● WHAT TO PRODUCE:
Lines before the one containing "分析する比率ふざけたPatchouli Floral Water" are not wanted. Transcribe that line and all after it exactly, to the end of the entries.

● RECORDS FOR PROCESSING:

:::::

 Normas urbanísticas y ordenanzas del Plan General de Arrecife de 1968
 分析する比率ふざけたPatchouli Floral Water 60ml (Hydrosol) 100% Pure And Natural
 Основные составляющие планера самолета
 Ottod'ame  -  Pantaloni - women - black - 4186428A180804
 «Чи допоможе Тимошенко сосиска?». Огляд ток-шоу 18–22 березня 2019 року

:::::

● SOLUTION TO THIS PROBLEM:
 分析する比率ふざけたPatchouli Floral Water 60ml (Hydrosol) 100% Pure And Natural
 Основные составляющие планера самолета
 Ottod'ame  -  Pantaloni - women - black - 4186428A180804
 «Чи допоможе Тимошенко сосиска?». Огляд ток-шоу 18–22 березня 2019 року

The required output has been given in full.